Art enarcó una ceja. Le dolió.

—Tejanos —dijo Adán, y rió—. Mi hermano y yo vamos a San Diego, compramos tejanos y los pasamos clandestinamente por la frontera. Los vendemos libres de impuestos en la parte trasera de un camión. Te sorprendería saber cuánto dinero se gana.

—Pensaba que ibas a la universidad. ¿Qué era?, ¿contabilidad?

—Hay que tener algo que contar —dijo Adán.

—¿Tu tío sabe lo que haces para pagarte las cervezas?

—Tío lo sabe todo —dijo Adán—. Cree que es frivolo. Quiere que me dedique a algo «serio». Pero el negocio de los tejanos es bueno. Aporta algo de dinero hasta que lo del boxeo despegue. César será campeón. Ganaremos millones.

—¿Has intentado boxear? —preguntó Art.

Adán sacudió la cabeza.

—Soy pequeño, pero lento. Raúl es el luchador de la familia.

—Bien, creo que yo he librado mi último combate.

—Creo que es una buena idea.

Los dos rieron.

Es curiosa la forma en que se forjan las amistades.

Art pensaría en eso unos años después. Un combate de entrenamiento, una noche de borrachera, una tarde en la terraza de un café. Conversación, ambiciones compartidas mientras se suceden platos, botellas y horas compartidas. Un torneo de chorradas. Risas.
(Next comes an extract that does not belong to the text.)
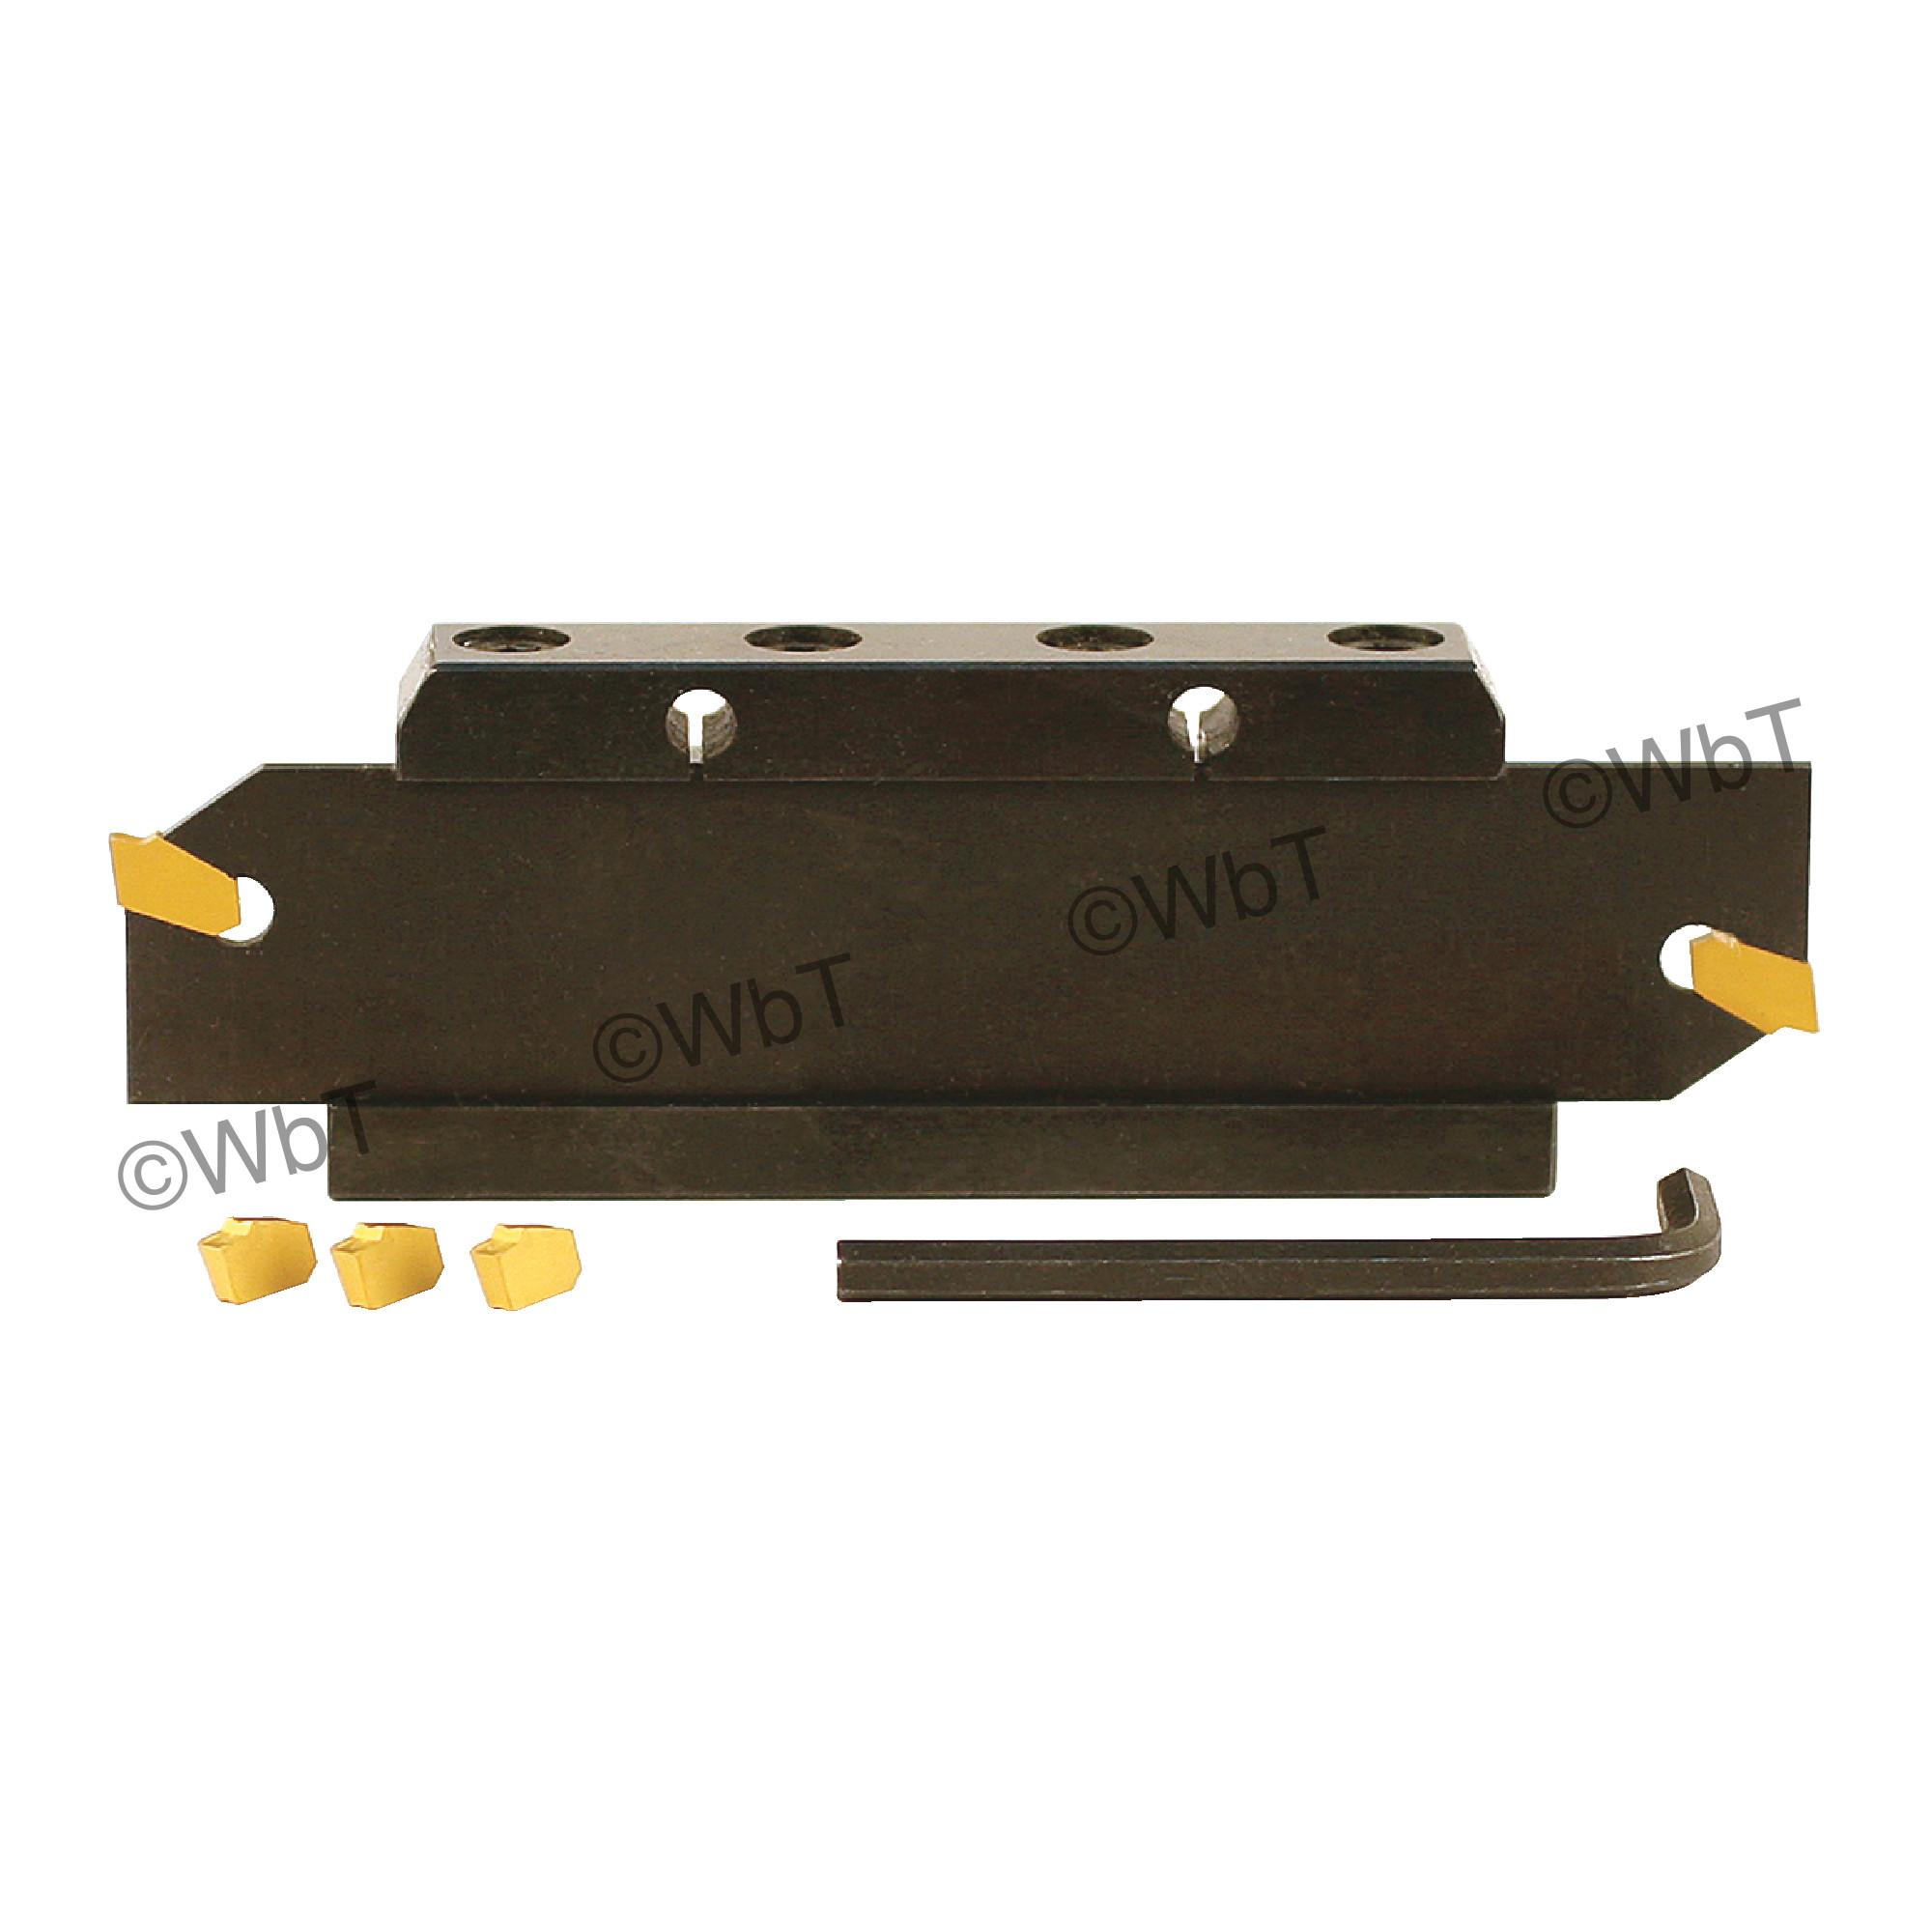 """TERRA CARBIDE - GTN-3 Blade, Block, & Insert Set 3 / 3/4"""" X 3/4"""" Shank / For 1.0"""" (26mm) Height Blades / With (5) GTN-3"""

Art pensaría en eso, cuando se dio cuenta de que, hasta que no conoció a Adán Barrera, no había tenido amigos.

Tenía a Althie, pero eso era diferente.

Puedes describir a tu mujer como tu mejor amiga, pero no es lo mismo. No es el rollo masculino, el hermano que nunca tuviste, el tipo con el que te vas de copas.

Cuates, amigos
, casi
hermanos
.

Cuesta saber cómo ocurre.

Tal vez lo que Adán vio en Art fue lo que no encontraba en su hermano: una inteligencia, una seriedad, una madurez de las que él carecía pero anhelaba. Tal vez lo que Art vio en Adán... Joder, durante años intentaría explicarlo, incluso a sí mismo. Era solo que, en aquellos tiempos, Adán Barrera era un buen chico. Realmente lo era, o al menos lo parecía. Fuera lo que fuese lo que dormía en su interior...

Tal vez duerme en el fondo de todos nosotros, pensaría más tarde Art.

En mi interior se ocultaba, ya lo creo. El poder del perro.

Fue Adán, inevitablemente, quien le presentó a Tío.

Seis semanas después, Art estaba tumbado en su cama de la habitación del hotel viendo un partido de fútbol en la tele, sintiéndose como una mierda porque Tim Taylor acababa de recibir la autorización para trasladarle. Supongo que me enviará a Iowa para comprobar que las farmacias cumplen las normas de prescripción de medicamentos para el resfriado o algo por el estilo, pensó Art.

Carrera terminada.

Alguien llamó a la puerta.

Art la abrió y vio a un hombre con traje negro, camisa blanca y fina corbata negra. El pelo peinado hacia atrás a la vieja usanza, bigotillo, ojos tan negros como la medianoche.

Unos cuarenta años, con una seriedad del Viejo Mundo.

—Señor Keller, perdone por entrometerme en su privacidad —dijo—. Me llamo Miguel Ángel Barrera, de la policía estatal de Sinaloa. Me pregunto si podría robarle unos minutos de su tiempo.

Por supuesto, pensó Art, y le invitó a entrar. Por suerte, a Art le quedaba casi toda una botella de whisky, abandonada tras una serie de noches solitarias, de modo que pudo ofrecer una copa al hombre. Barrera la aceptó y ofreció a Art un delgado habano.

—Lo dejé —dijo Art.

—¿Le importa que fume?

—Viviré indirectamente por mediación de usted —contestó Art.

Buscó a su alrededor un cenicero y descubrió uno. Después, los dos hombres se sentaron a una pequeña mesa junto a la ventana. Barrera miró a Art unos segundos, como si meditara sobre algo.